DATASET SECTION
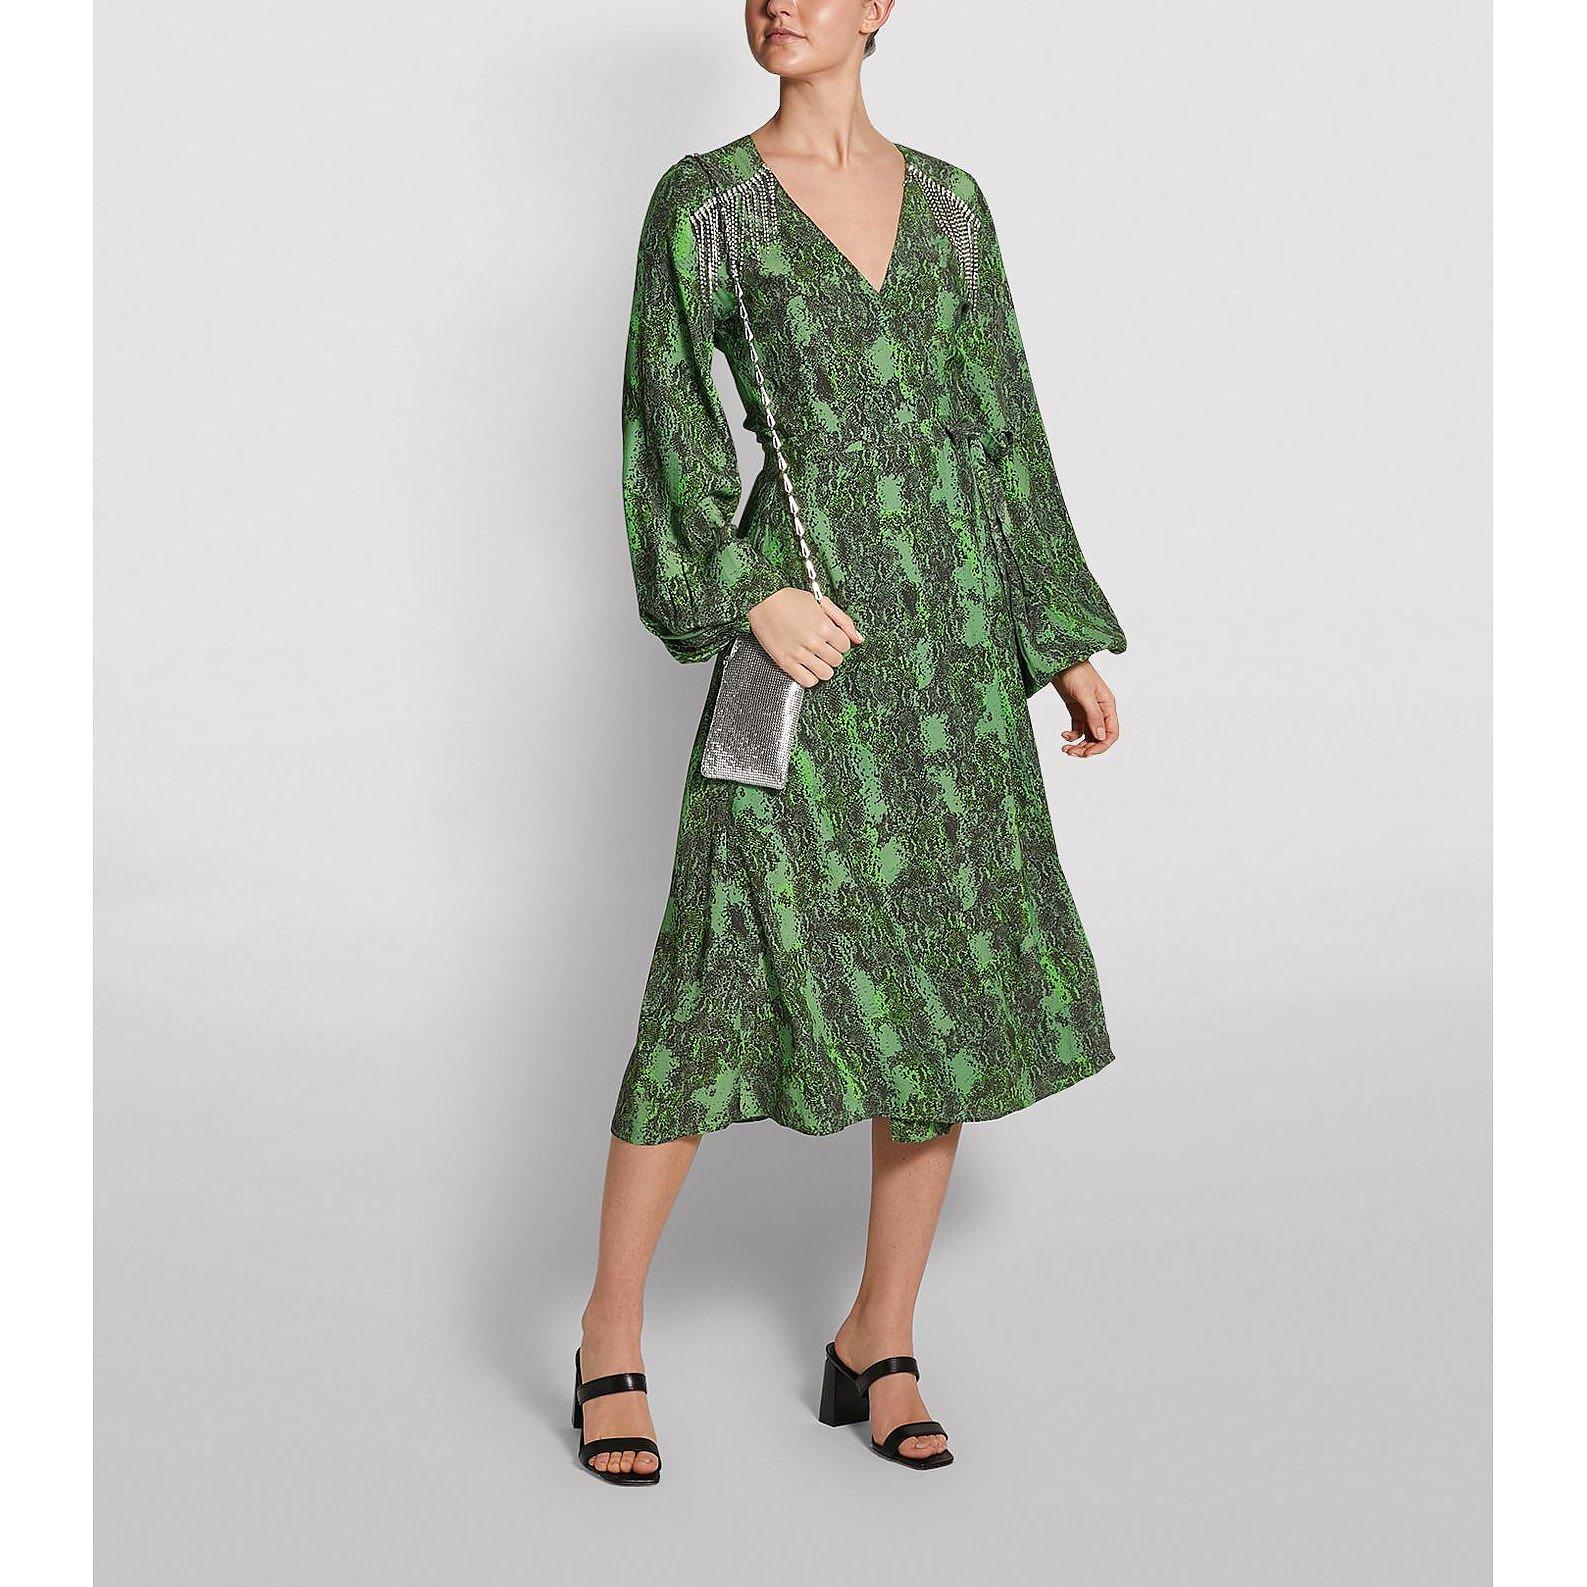 ROTATE Birger Christensen Embellished Kira Midi Dress
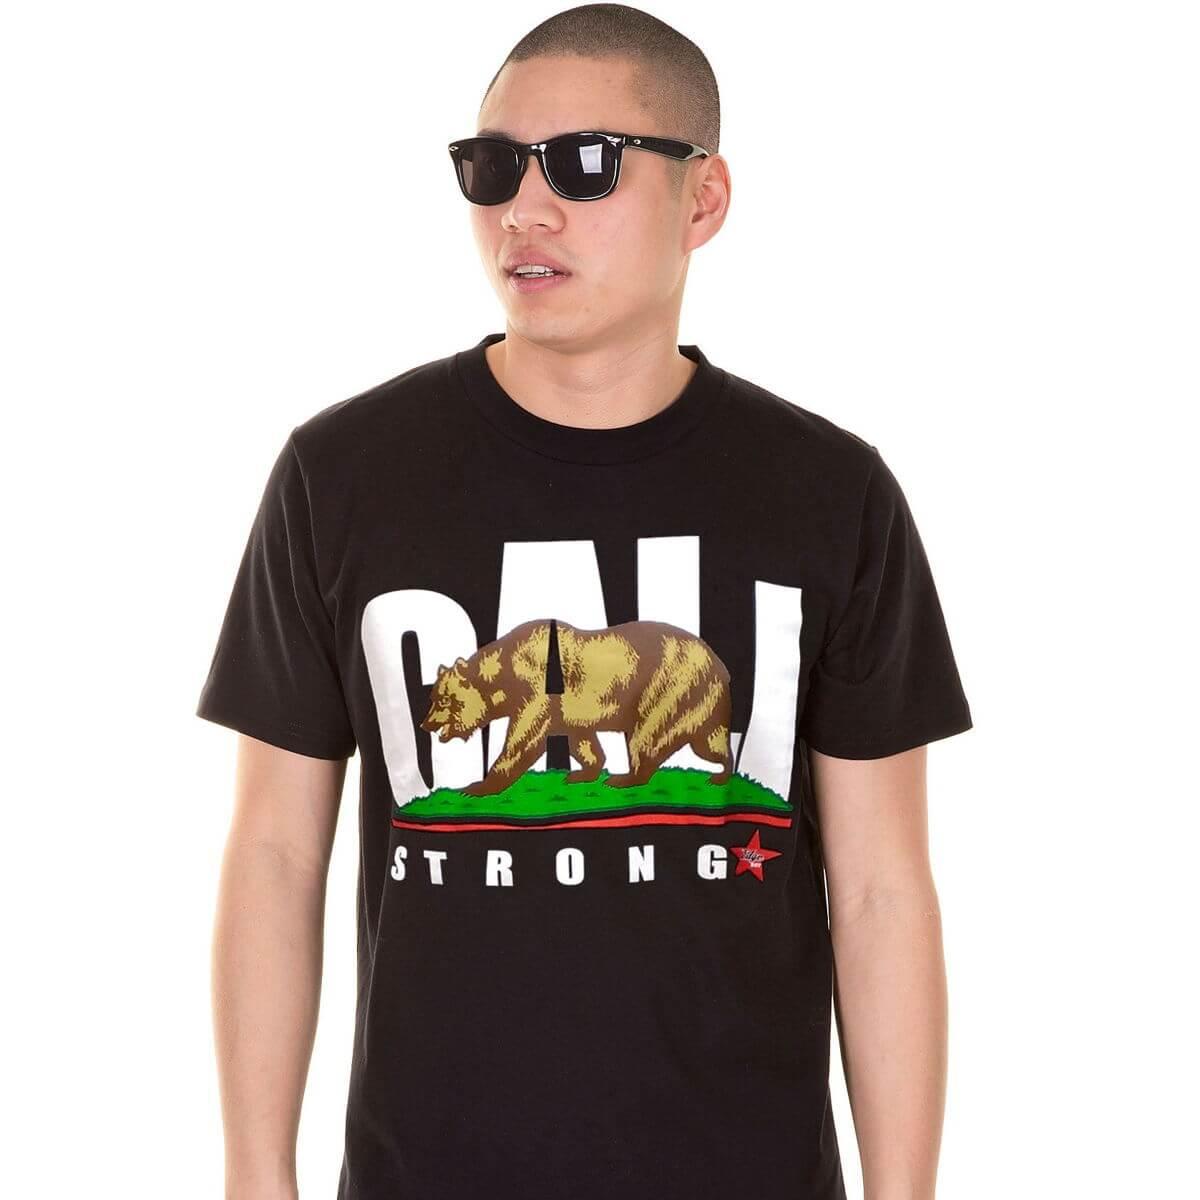 739157dbf51b3 Ochoa Boyz Sporting CALI Strong s Hit Heather T-shirt Line At Photo ...
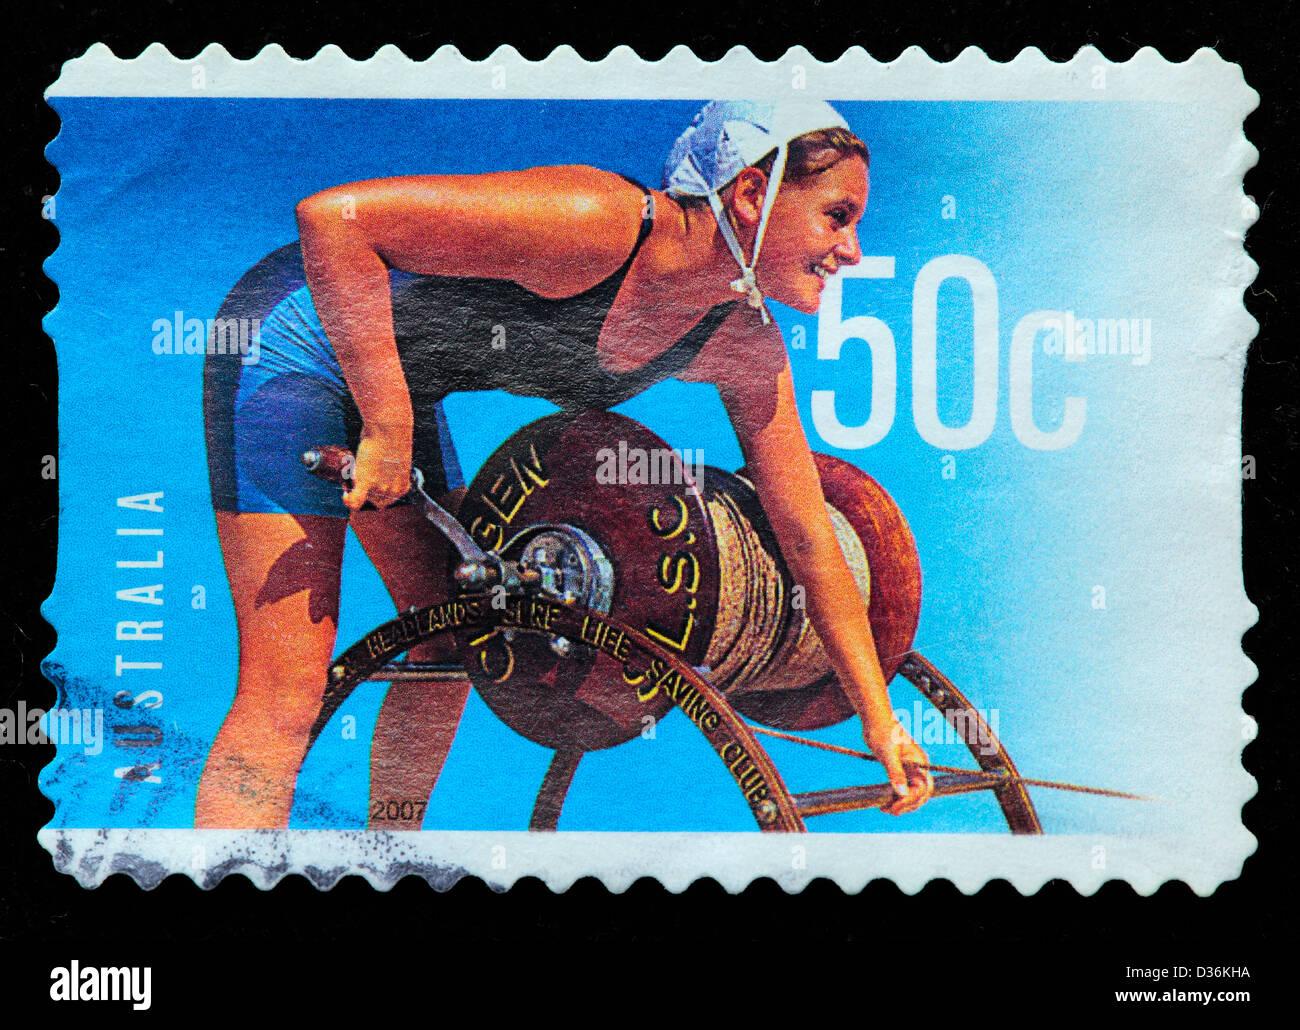 Surf Life Saving, postage stamp, Australia, 2007 - Stock Image

TASK STATEMENT
Please give again only those lines that run from the one containing "739157dbf51b3 Ochoa Boyz" through the final line of the listing, both included, exactly as written and without pictures.

ANSWER FOR THE TASK
 739157dbf51b3 Ochoa Boyz Sporting CALI Strong s Hit Heather T-shirt Line At Photo ...
 Surf Life Saving, postage stamp, Australia, 2007 - Stock Image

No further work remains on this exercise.